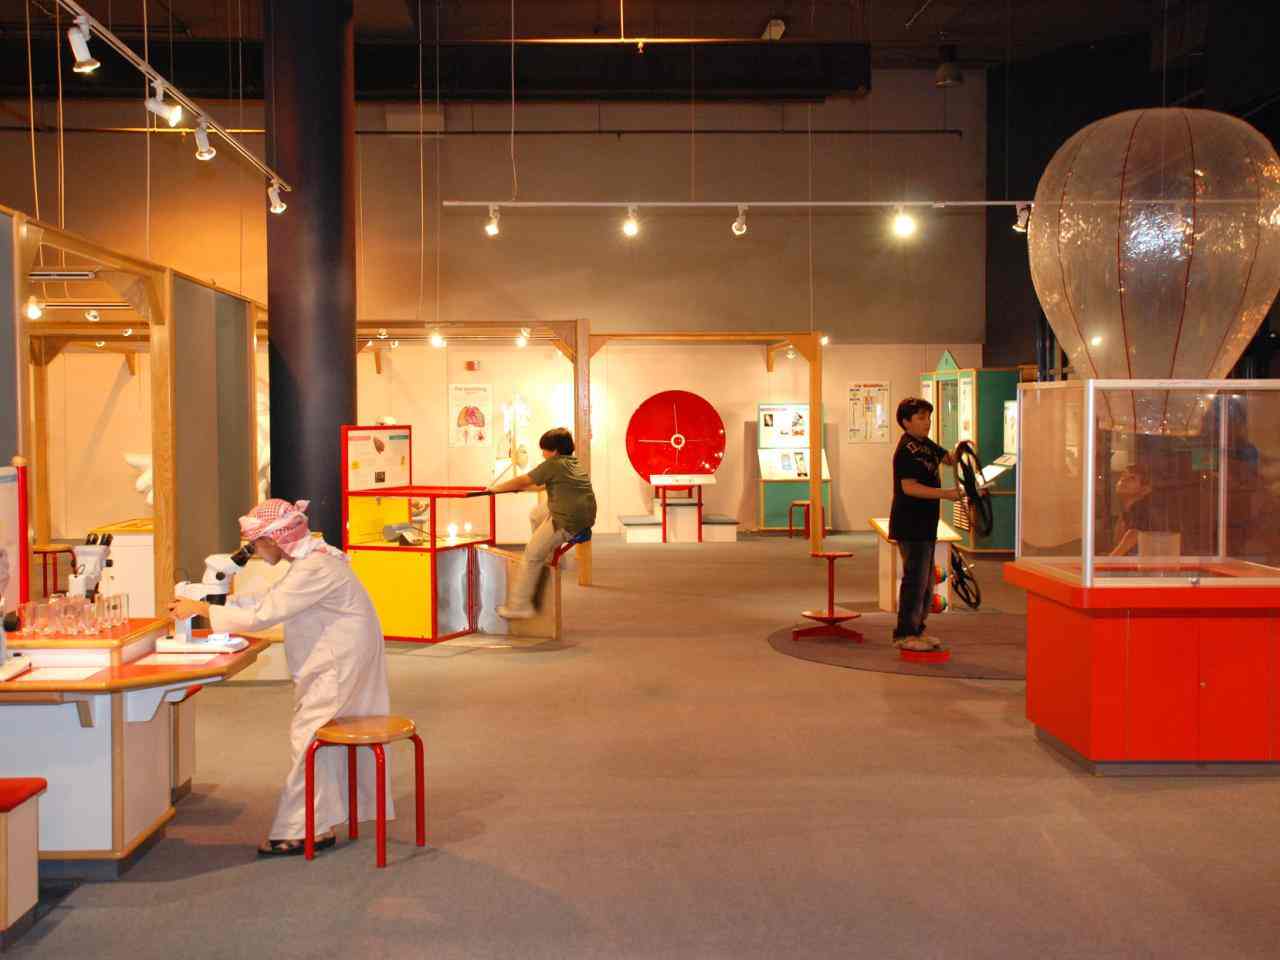 يعد متحف الشارقة العلمي من اهم الاماكن السياحية في الشارقة الامارات
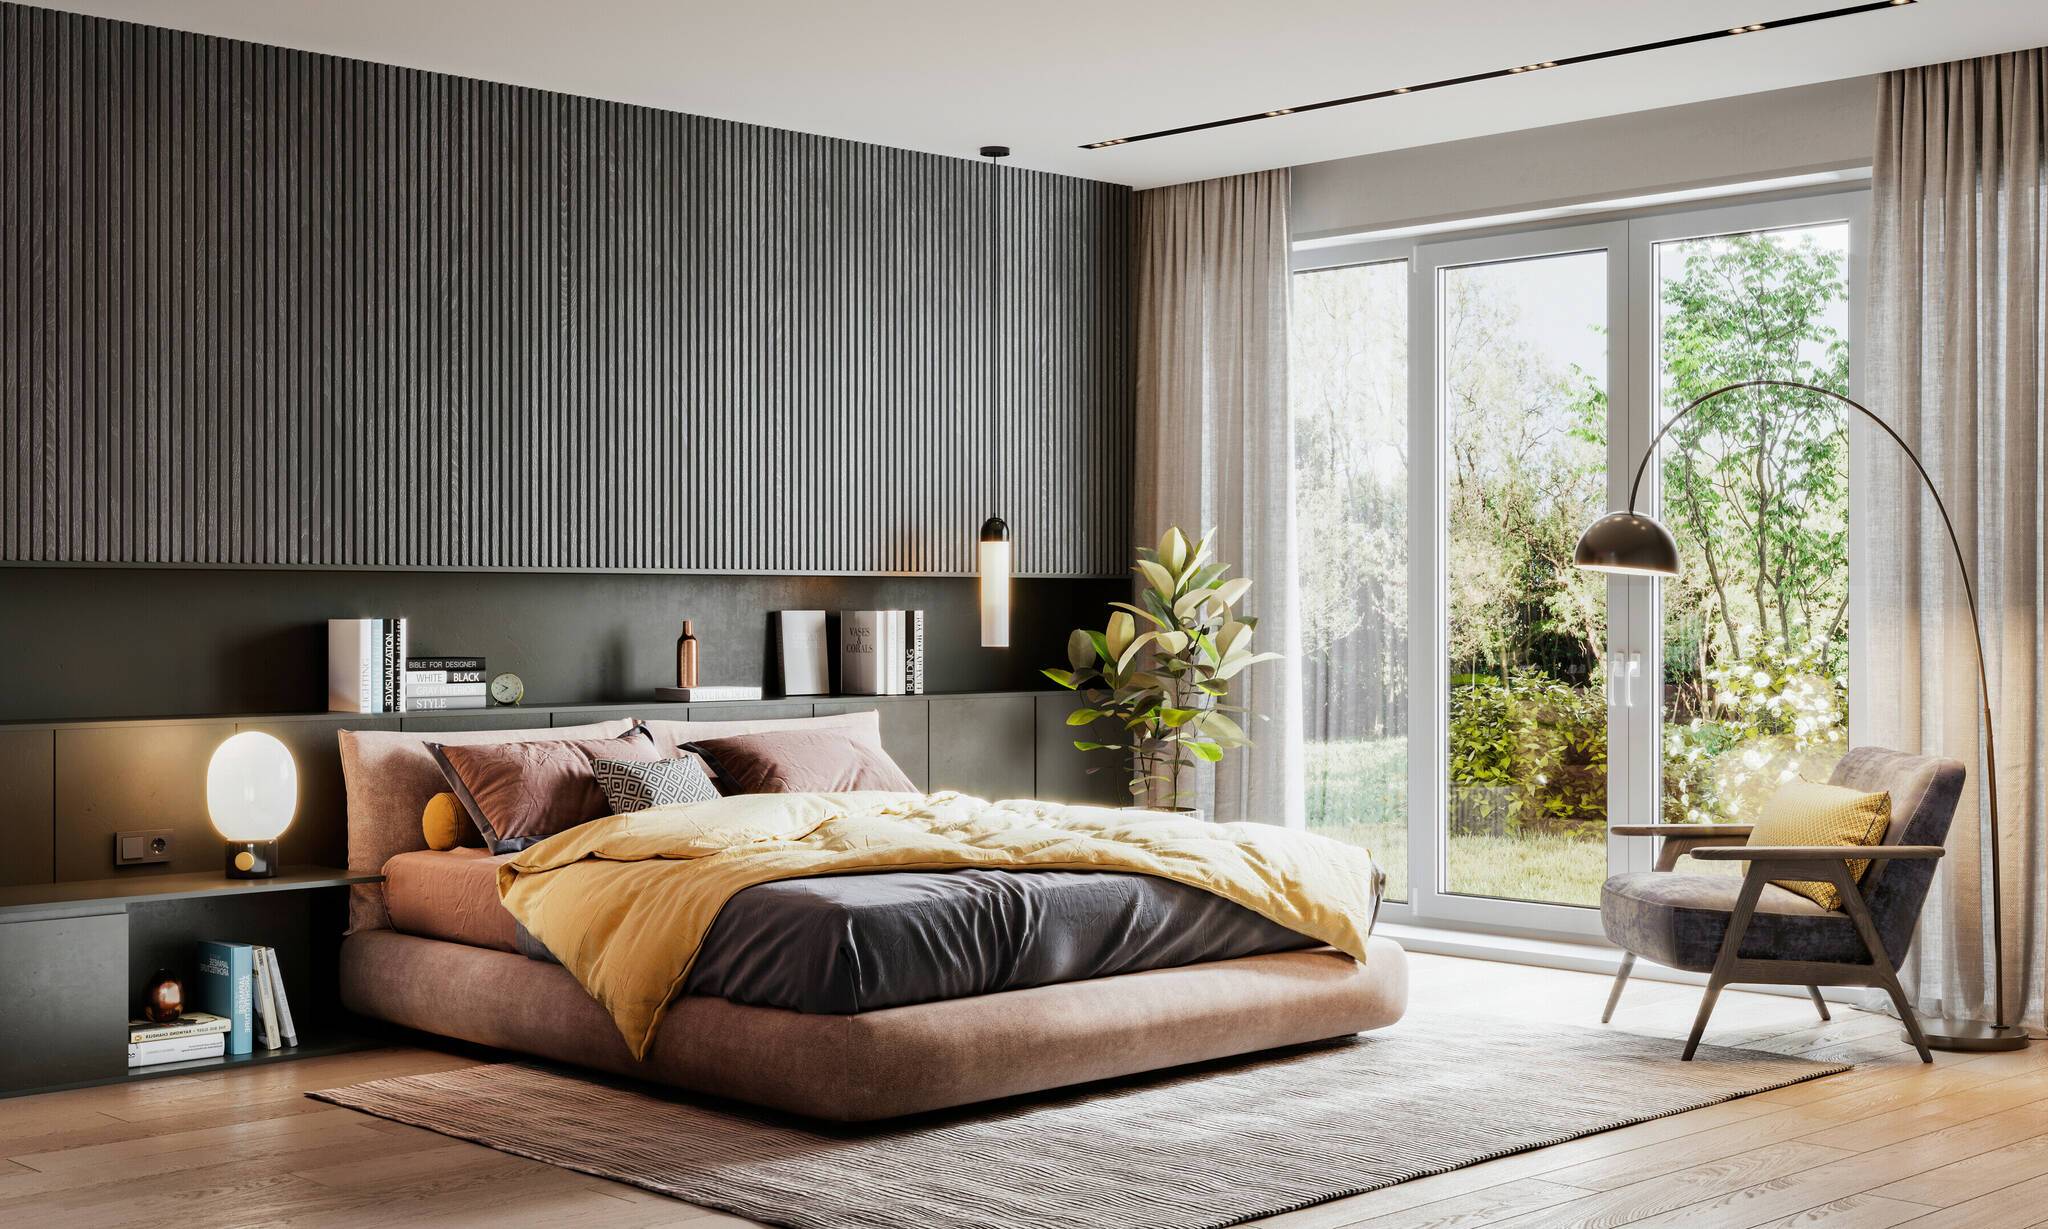  Möbel, die in Deutschland hergestellt werden, haben nicht nur ein modernes Design, sie genießen auch besonderes Vertrauen bei den Verbrauchern – schließlich soll das eigene Zuhause ein Wohlfühlort sein. 
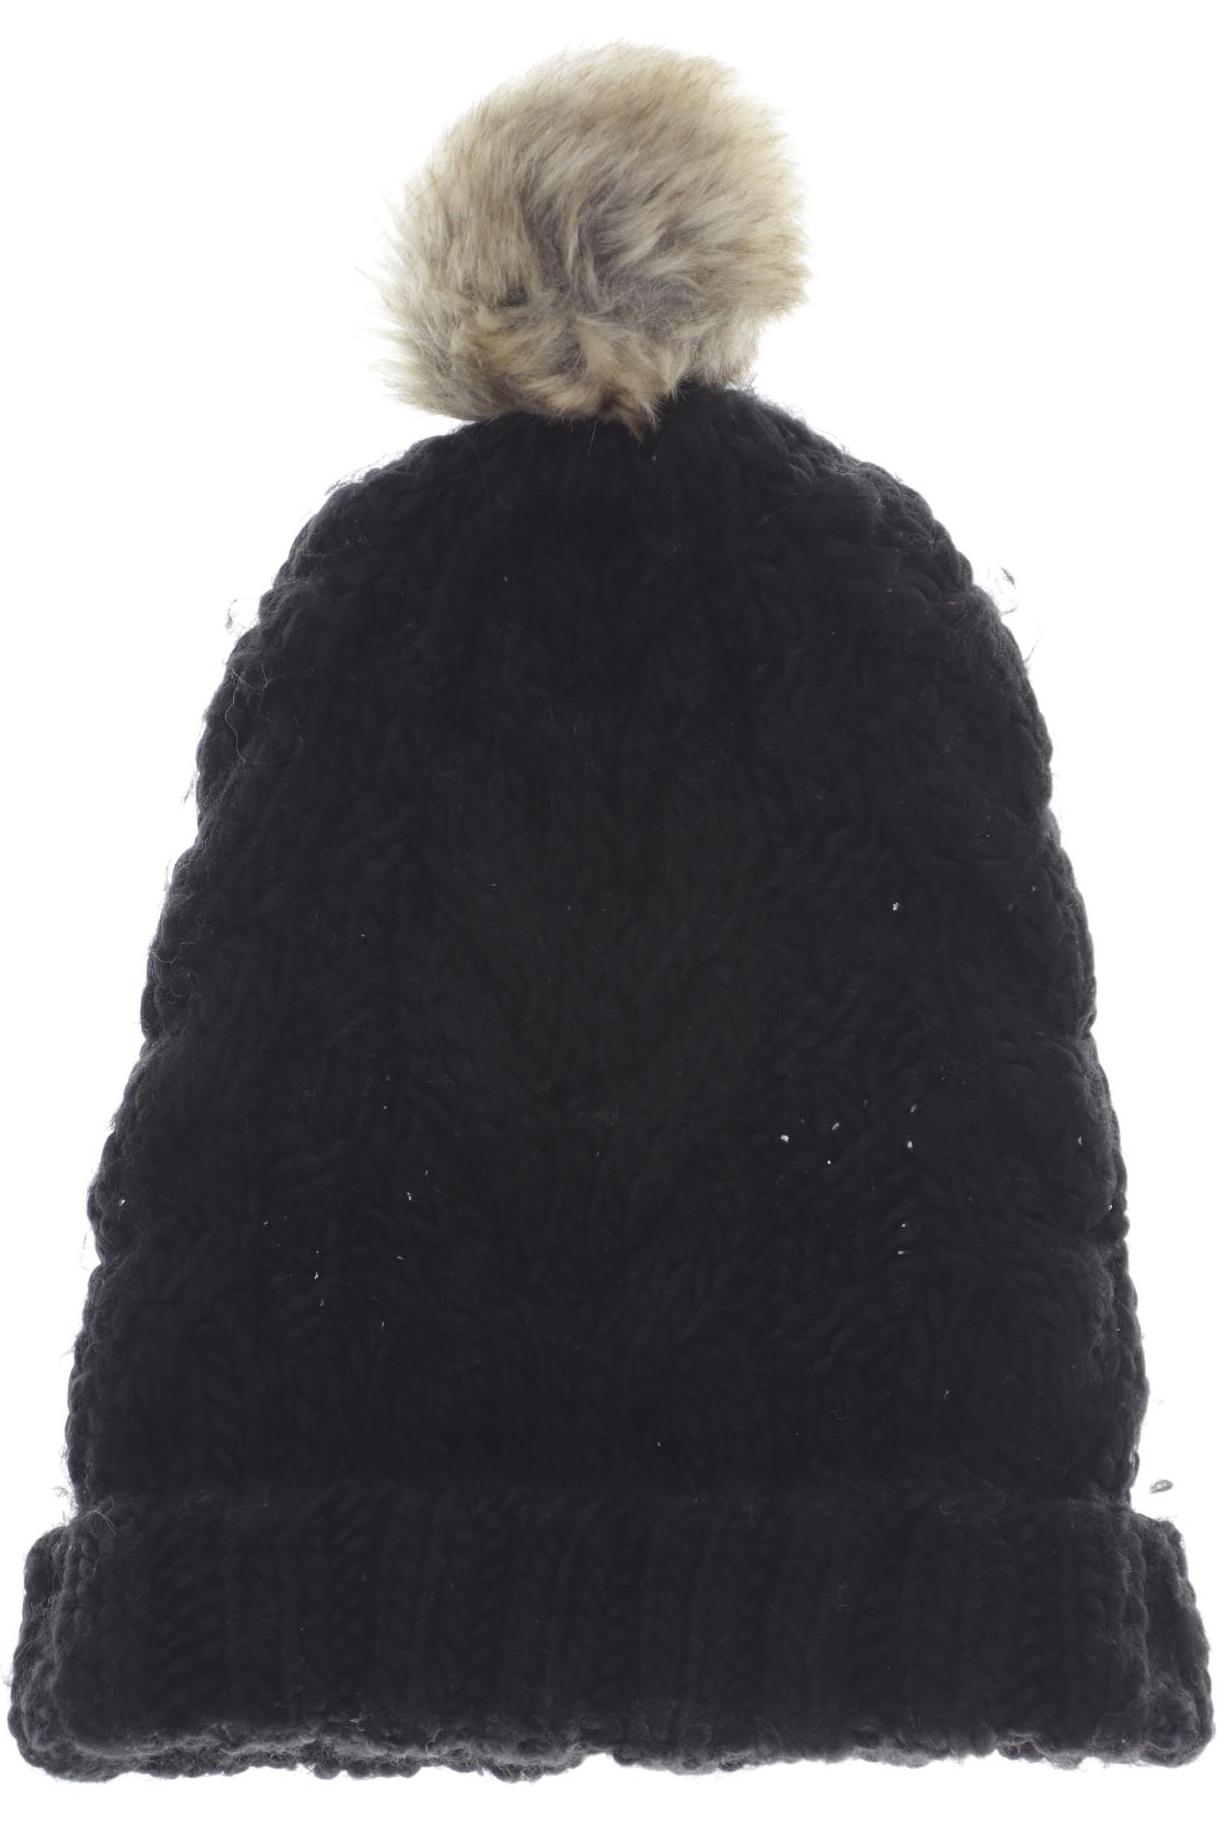 H&M Damen Hut/Mütze, schwarz, Gr. uni von H&M

• Work required:
Leave the pictures out and output all of the data verbatim.

• Response:
 يعد متحف الشارقة العلمي من اهم الاماكن السياحية في الشارقة الامارات
  Möbel, die in Deutschland hergestellt werden, haben nicht nur ein modernes Design, sie genießen auch besonderes Vertrauen bei den Verbrauchern – schließlich soll das eigene Zuhause ein Wohlfühlort sein. 
 H&M Damen Hut/Mütze, schwarz, Gr. uni von H&M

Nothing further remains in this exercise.